Despite being the only taxidermist in a country of over 1.2 billion people, Dr Gaikwad never had any formal training in taxidermy. Over the span of a decade Dr Gaikwad taught himself how to prepare, stuff and mount various forms of animals.

Dr Gaikwad’s first became interested in taxidermy in 2001, when as a young Assistant Professor in the Department of Anatomy at the Bombay Veterinary College he would regularly visit the natural history section of Mumbai’s former Prince of Wales Museum (now called Chhatrapati Shivaji Maharaj Vastu Sangrahalaya).
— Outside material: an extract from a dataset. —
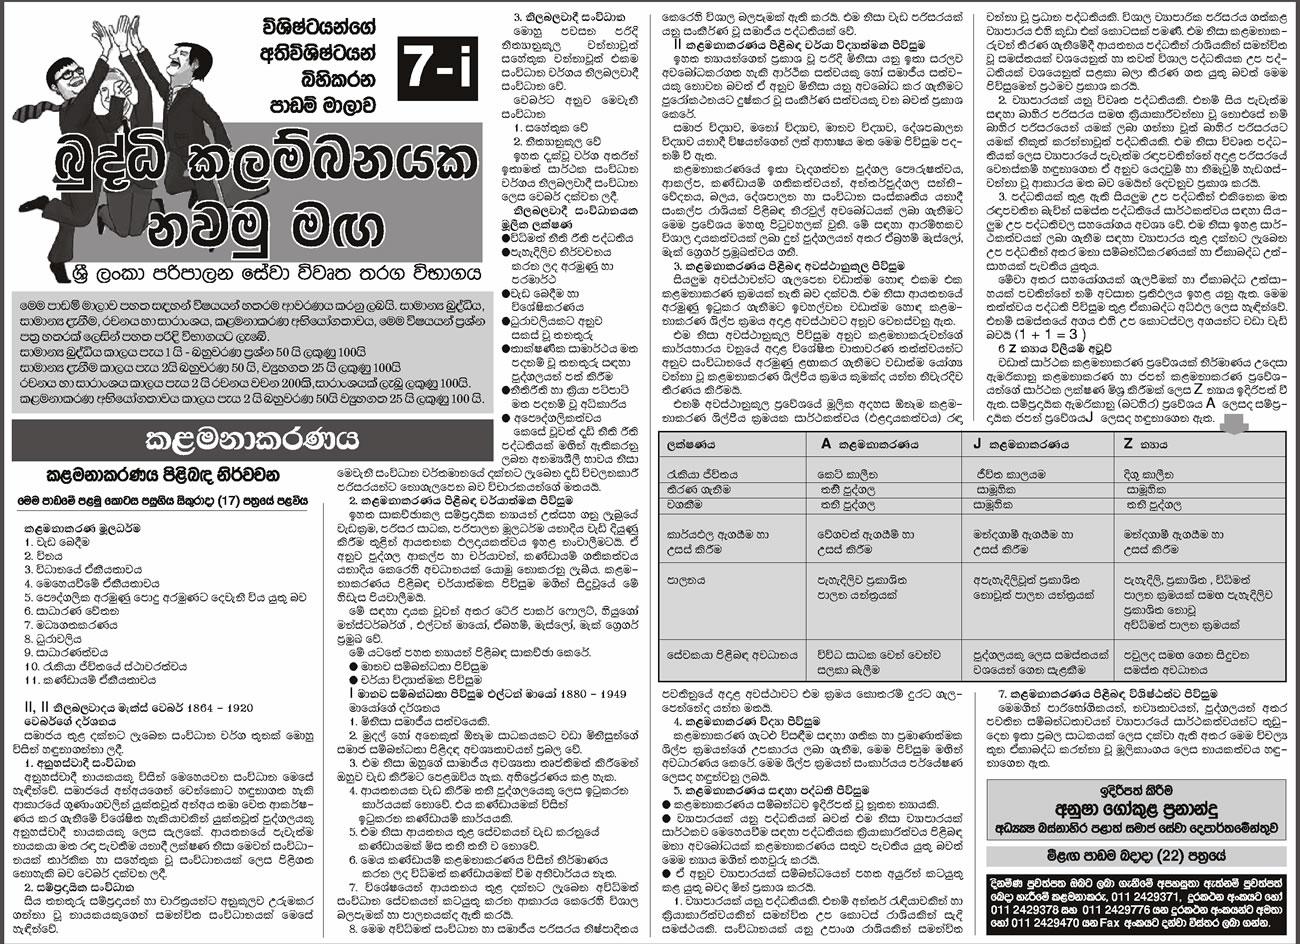 SLAS Exam Guide - Paripalana Sewa - Lesson 07 part i

“I’ve always loved animals and as an anatomist I’m very interested in the way the skin, muscle and body parts of an animal work. So I would go to the museum and just observe the preserved animals and the different parts of their body and skin,” said Dr Gaikwad, who continues to lecture in anatomy at the Bombay Veterinary College.

“Seeing these animals and talking with the curators made me realise the importance of preserving the anatomy of animals in a lifelike and realistic way in order to continue the value that animal has for humans,” he said.

“I started spending hours and hours at the museum, studying the cuts and sections and all the anatomical details of the specimens. I would lie down underneath a tiger or rhinoceros and just observe and study where the cuts are made and what type of stitching is used. Sometimes I spent so long lying there that I would fall asleep underneath the animal,”

Dr Gaikwad sees these nights spent at the museum as an "awakening" for him, and that a life in taxidermy was to be his destiny.

“When your subconscious mind decides to follow a path, you cannot stop it. You slowly start forming the thoughts and ideas in that subconscious part of the mind, and soon enough it will become conscious. Once you realise the path that you have been subconsciously going down, then you must continue for that is the life you will love,” Dr Gaikwad said.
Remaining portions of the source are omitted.